[
https://issues.apache.org/jira/browse/SPARK-53143?page=com.atlassian.jira.plugin.system.issuetabpanels:all-tabpanel
]
David Milicevic updated SPARK-53143:
------------------------------------
Description:
There is an edge case with self join when multiple joins are present.
Example: two joins, where the latter one is self join.
The first one is the "using" join - in this case, analyzer's
`ResolveNaturalAndUsingJoin` will add `Project` as the top node.
The second join is a self join, but with specified join condition (i.e.
`joinExprs`) -
if the join condition uses columns that are not part of the project list (of
the first
join), `AddMetadataColumns` rule will be hit to add metadata for those columns.
As a
consequence, `Project` will be added to the top of joined plan to return the
original/expected list of projected columns.

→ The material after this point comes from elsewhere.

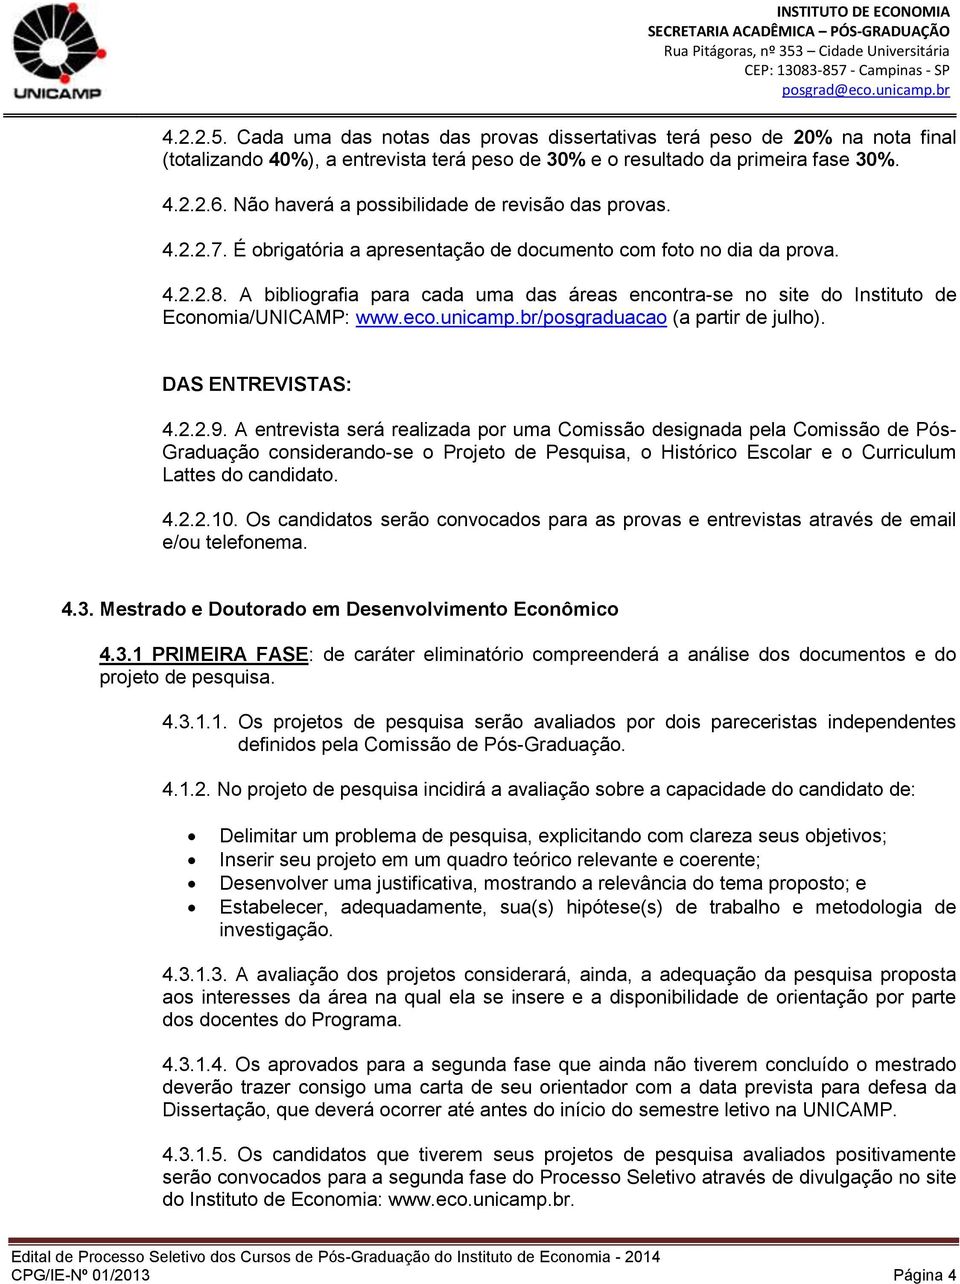 A bibliografia para cada uma das áreas encontra-se no site do Instituto de Economia/UNICAMP: www.eco.unicamp.br/posgraduacao (a partir de julho). DAS ENTREVISTAS: 4.2.2.9.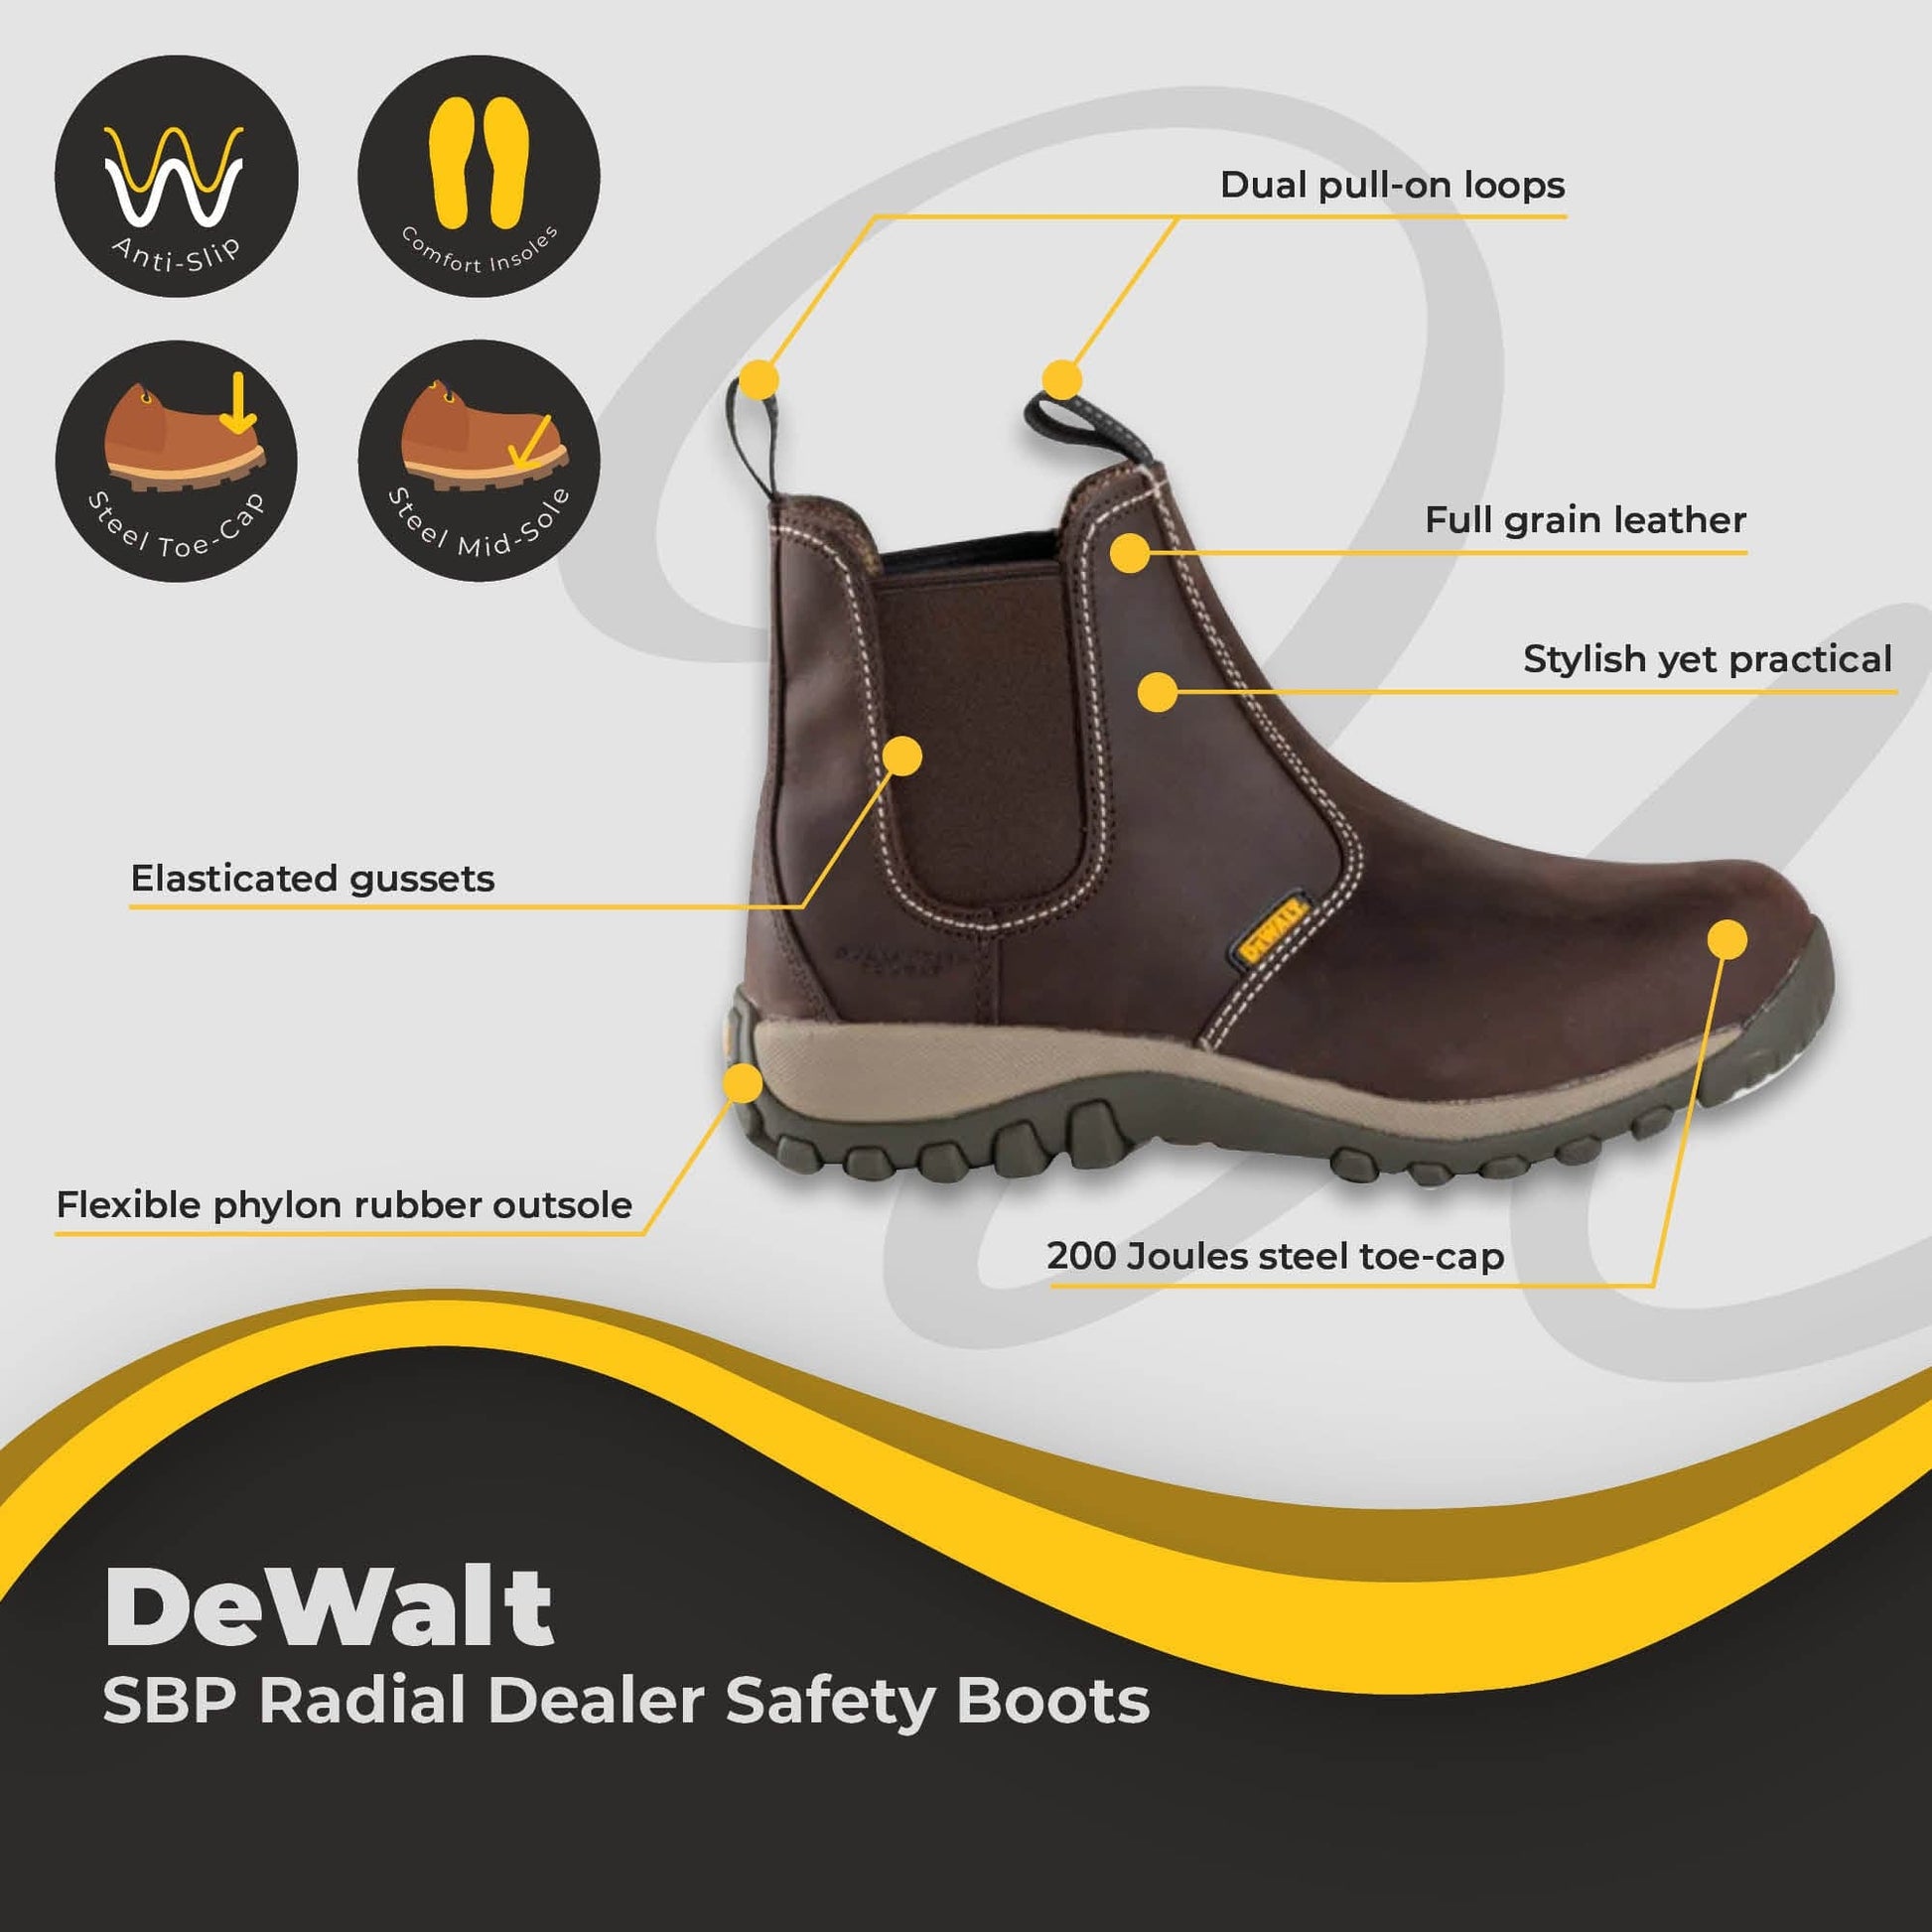 dewalt radial dealer sbp safety boot dd266 br06

Whereas similar (i.e. `Project` node on top) can happen in multiple other cases,
from `Dataset` perspective the issue is specific to self joins only, since
`resolveSelfJoinCondition` assumed that the analyzed plan will be always of
`Join` type.
Minimalist PySpark repro:
{code:java}
spark.sql("CREATE TABLE IF NOT EXISTS table_11 (id INT);")
spark.sql("CREATE TABLE IF NOT EXISTS table_12 (id INT, col_1 STRING);")
df = spark.table("table_12").where("col_1 = 'test'").select("id")
spark.table("table_11").alias("t") \
.join(df.alias("df1"), on = ["id"]) \
.join(df.alias("df2"), col("df1.id") == col("df2.id"), how = "left"){code}
Throws an exception:
{code:java}
java.lang.ClassCastException: class
org.apache.spark.sql.catalyst.plans.logical.Project cannot be cast to class
org.apache.spark.sql.catalyst.plans.logical.Join
(org.apache.spark.sql.catalyst.plans.logical.Project and
org.apache.spark.sql.catalyst.plans.logical.Join are in unnamed module of
loader 'app')
at
org.apache.spark.sql.classic.Dataset.resolveSelfJoinCondition(Dataset.scala:665)
at org.apache.spark.sql.classic.Dataset.join(Dataset.scala:690)
at
java.base/jdk.internal.reflect.NativeMethodAccessorImpl.invoke0(Native Method)
at
java.base/jdk.internal.reflect.NativeMethodAccessorImpl.invoke(NativeMethodAccessorImpl.java:77)
at
java.base/jdk.internal.reflect.DelegatingMethodAccessorImpl.invoke(DelegatingMethodAccessorImpl.java:43)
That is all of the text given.